Dad and I ate at the Elk Inn's restaurant for dinner. I am allowed one meal during every shift that I work this summer so I was anxious to see what my options would be. Turns out they are fairly limited, but the food wasn't bad. Our waitress, also a new employee, was from Minnesota and asked if we would like the fried Rocky Mountain oyster appetizer that was on special. Islanders who are not known to pass up seafood, Dad and I said yes, but regretted this decision as the oysters tasted horrendous. Each bite was chewy and bitter and had an odd burnt flavour to it. Obviously, being over 900 miles away from the nearest ocean, we didn't expect much, but these were just plain weird. Still, they didn't taste like they had gone bad and we were compelled to finish the ten between us because a) who wastes oysters? and b) we didn't want to be rude (although I'll admit the islander in me was going, How did you mess these up so egregiously?). When the waitress asked how they were my dad responded, "Were those actually oysters?" The girl look confused. "I think so," she said. "Did they not taste like oysters?"

"They were a little strange," I admitted.

"And they were flat," Dad said, "oysters are normally thicker."

The girl nodded. "I've never actually had oysters before so I wouldn't know."

"Are they supposed to be fresh?" I asked, genuinely curious as to whether there were salt water refineries in Colorado. I remembered a couple sitting behind us at the restaurant from the previous night (our first night in Colorado) eating oysters on the half-shell. Maybe Colorado was trying to reap the benefits of expensive seafood.

The girl said she found the concept of Rocky Mountain oysters strange, too, but assumed they came out of the ocean and were frozen.

Dad and I then headed over to a grocery store to pick up some things for breakfast. We ran into the Scooby-Doo Mystery Machine and by the time we headed back to the hotel it was snowing...again. The predication was a foot of snow by 4 a.m.

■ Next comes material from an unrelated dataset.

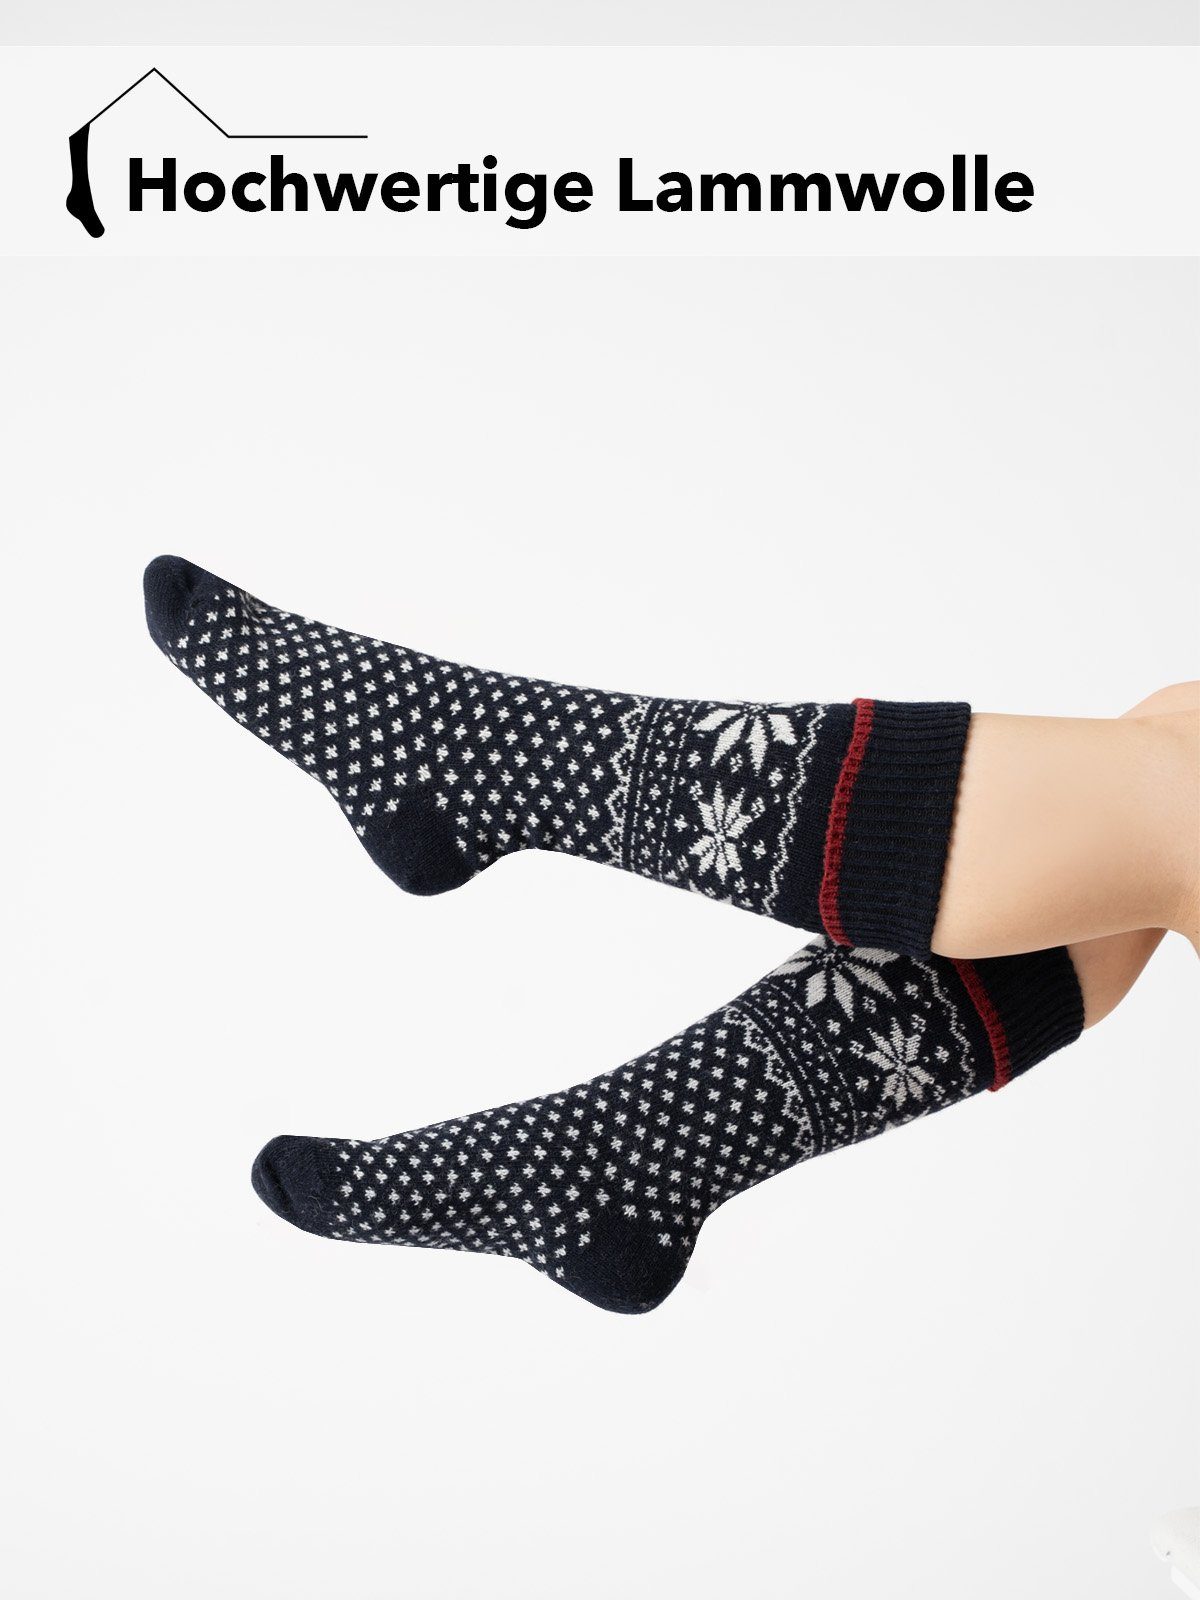 HomeOfSocks Socken Skandinavische Wollsocke "Norwegen-Lammwolle" Nordic Design Kuschelsocken Dicke Mit 70% Norwegischem Grau Aus Hyggelig Warm Lamm In Wolle Wollanteil Hohem Socken

Before bed, I called my boyfriend again and told him about the rest of the day. I started to tell him about the Rocky Mountain oysters and he stopped me: "You didn't eat those, did you?"

"I know, I know," I said, knowing he's as much of a seafood snob as I am (basically meaning, if you're not within an hour of the ocean then you can't call it "fresh"), "we thought we'd give it a shot."

"Those aren't oysters."

"Not fresh oysters. They were probably frozen beforehand --"

"No. Those are not oysters."

"...what are they?"


After much "what? no they're not!" I looked it up on Google and found the horrendous truth: Rocky Mountain oysters are fried bull, goat, or cow testicles, depending on what's on hand.

OH. MY. GOD. First, let's talk about how strange it is to eat something so disgusting, and be aware as you are eating it that it is disgusting, and yet you still eat it because you don't realize what it actually is (sort of like a placebo effect, but much more nauseating). Also, WHY were the testicles served with a traditional horseradish cocktail sauce? The kind you always see served with shrimp? That was clearly put there to fake out Colorado tourists and newbies into thinking that these are actual from-the-ocean, out-of-a-hard-shell, pearl-producing oysters.

So there you have it, ladies and gentlemen. My first day in Estes Park and I have learned that I will be living in a crack house, there's snow on the ground and I am still wearing flip flops, there are pigs in my hotel, and I have had more balls in my mouth than I ever preferred to. Do I hear the faint sounds of Blue Ridge banjo plucking?

Feeling super unsure and super cold outside of Estes.